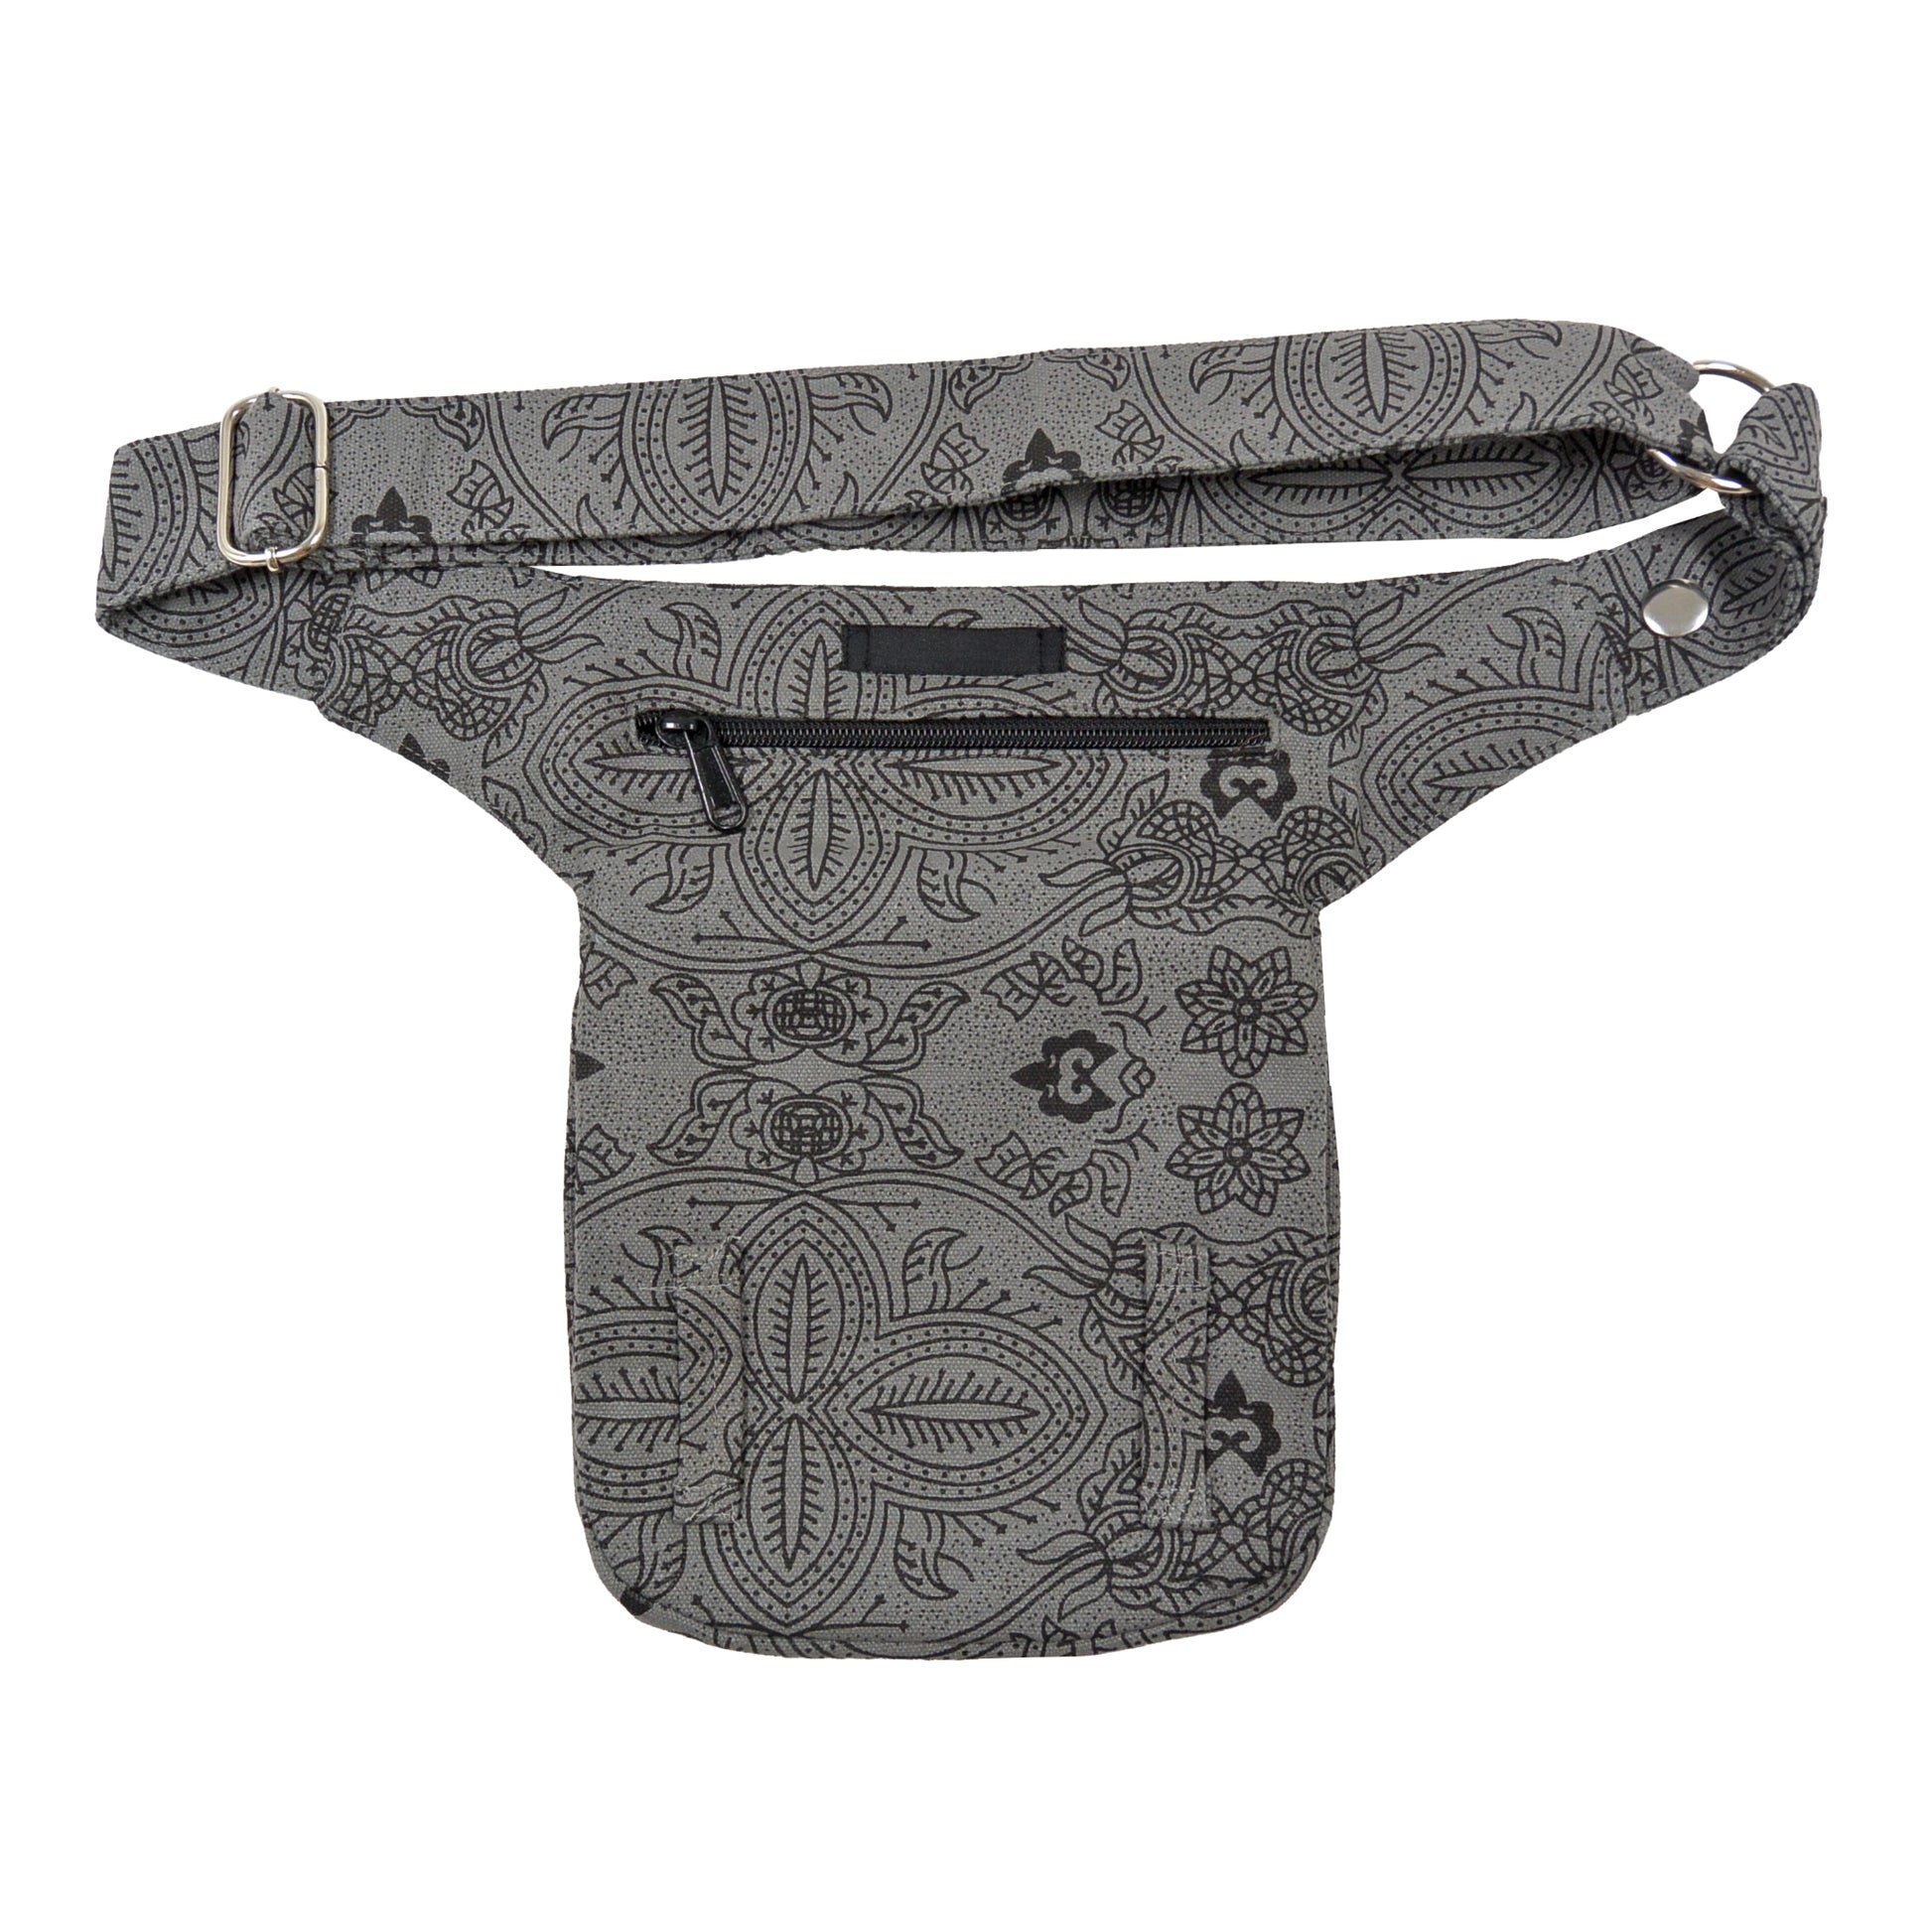 Bauchtasche Hüfttasche Stoff Baumwolle in Grau mit Ornamenten und Muster Mix  mit Reißverschlussfach und zwei Gürtelschlaufen auf der hinteren Seite .
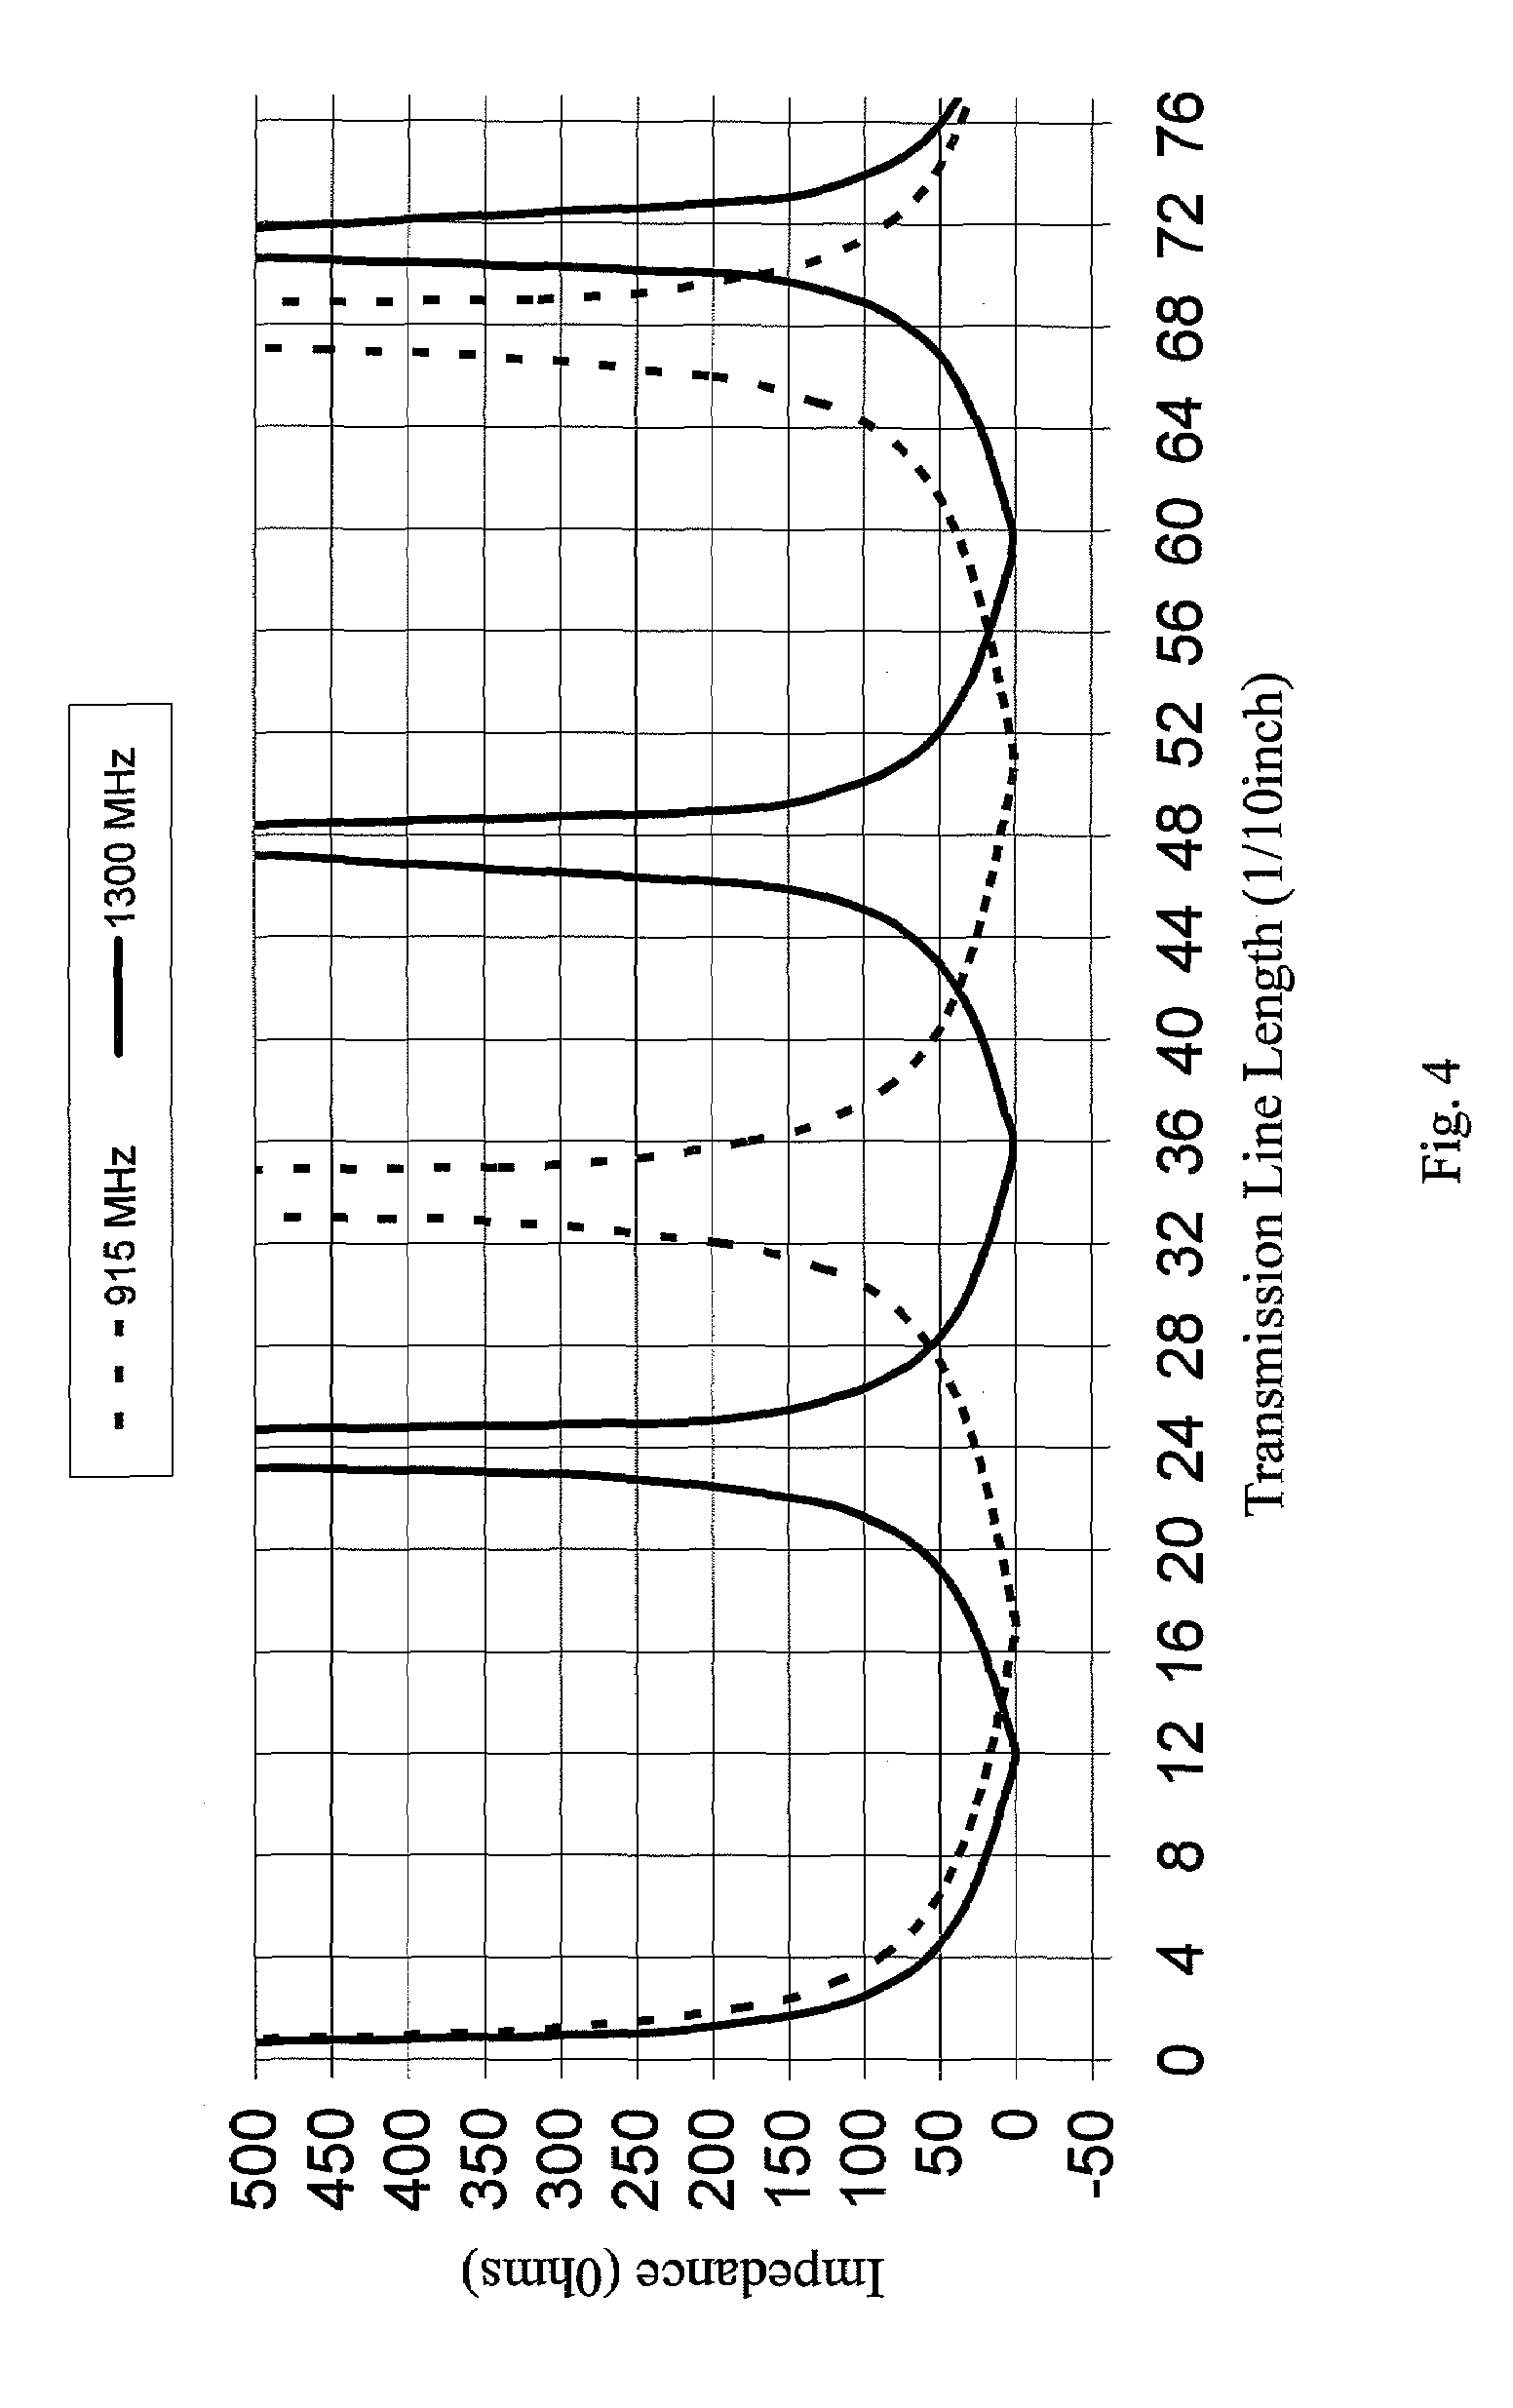 Transmission line notch filter
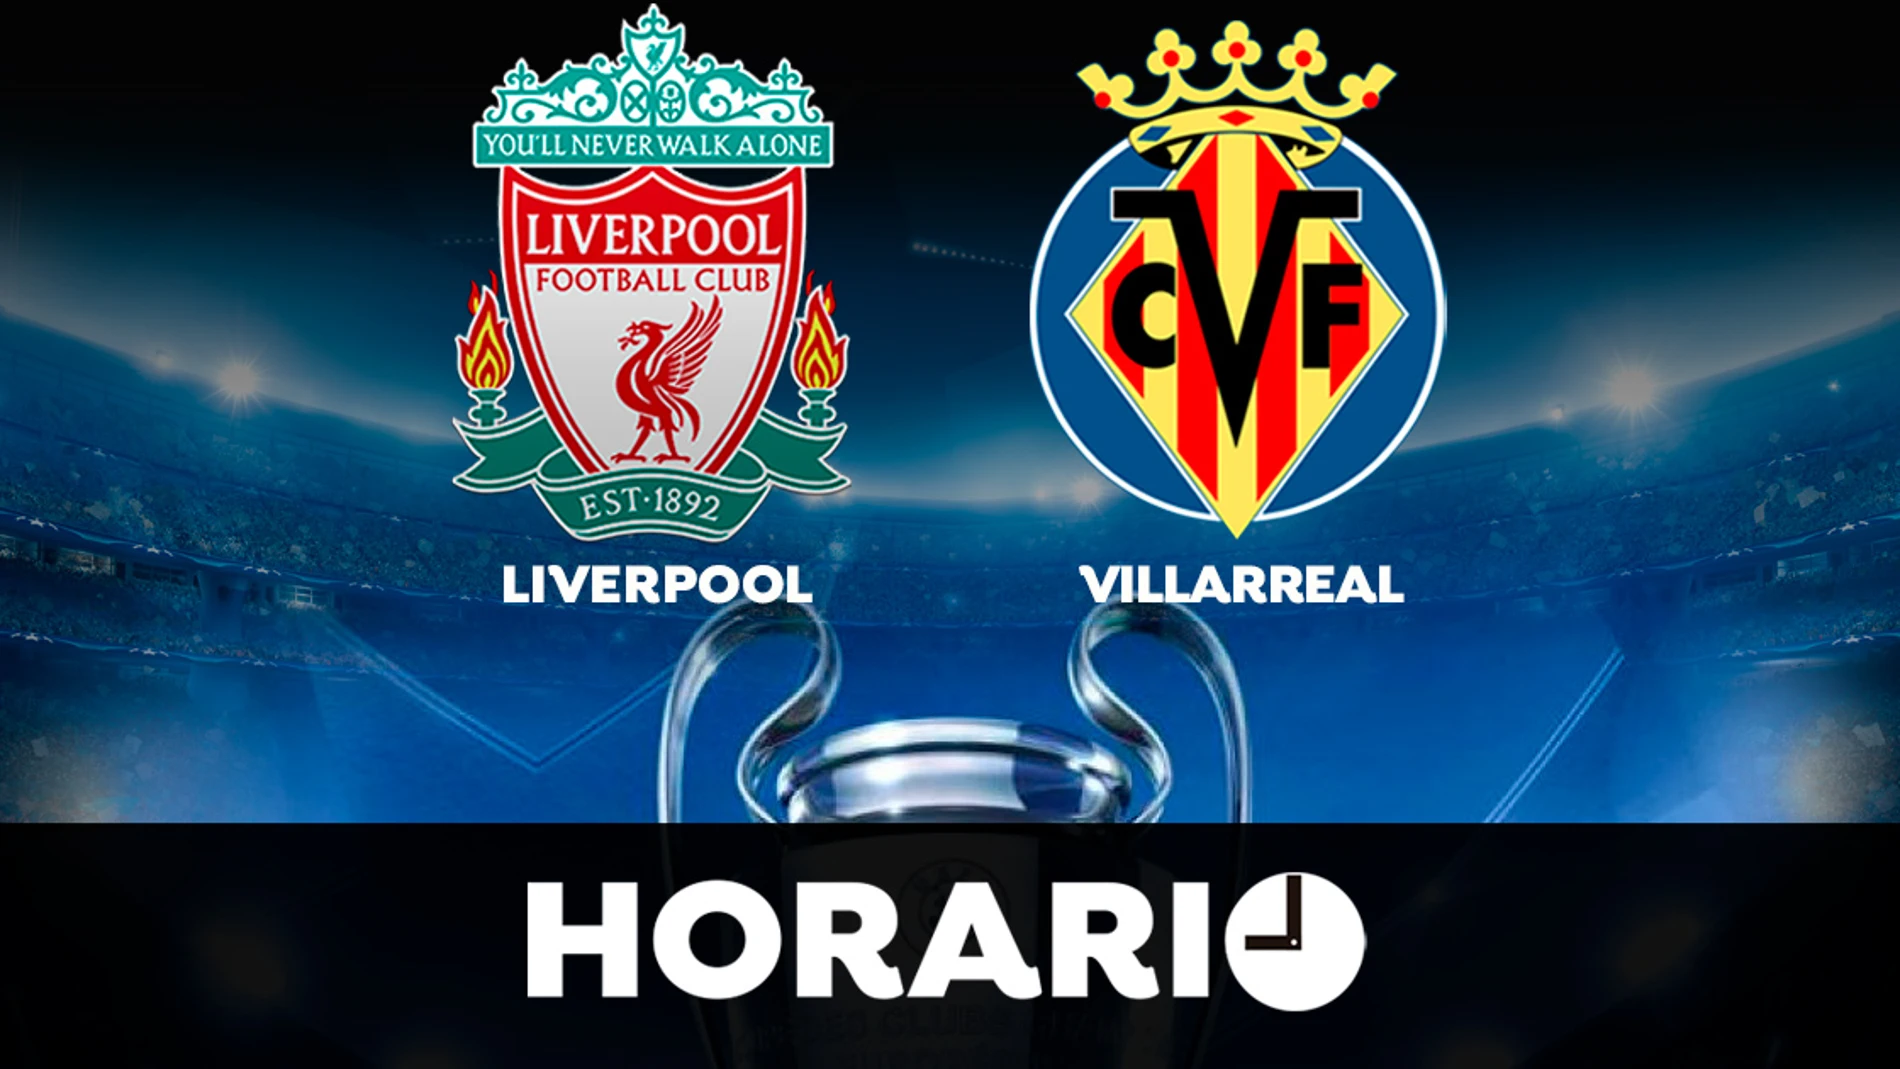 Liverpool - Villarreal: Horario y dónde ver el partido de semifinales de la Champions League

**EXERCISE:**
Set down the whole listing word for word, omitting the pictures.

**SOLUTION BELOW:**
 Bauchtasche Hüfttasche Stoff Baumwolle in Grau mit Ornamenten und Muster Mix  mit Reißverschlussfach und zwei Gürtelschlaufen auf der hinteren Seite .
 Transmission line notch filter
 Liverpool - Villarreal: Horario y dónde ver el partido de semifinales de la Champions League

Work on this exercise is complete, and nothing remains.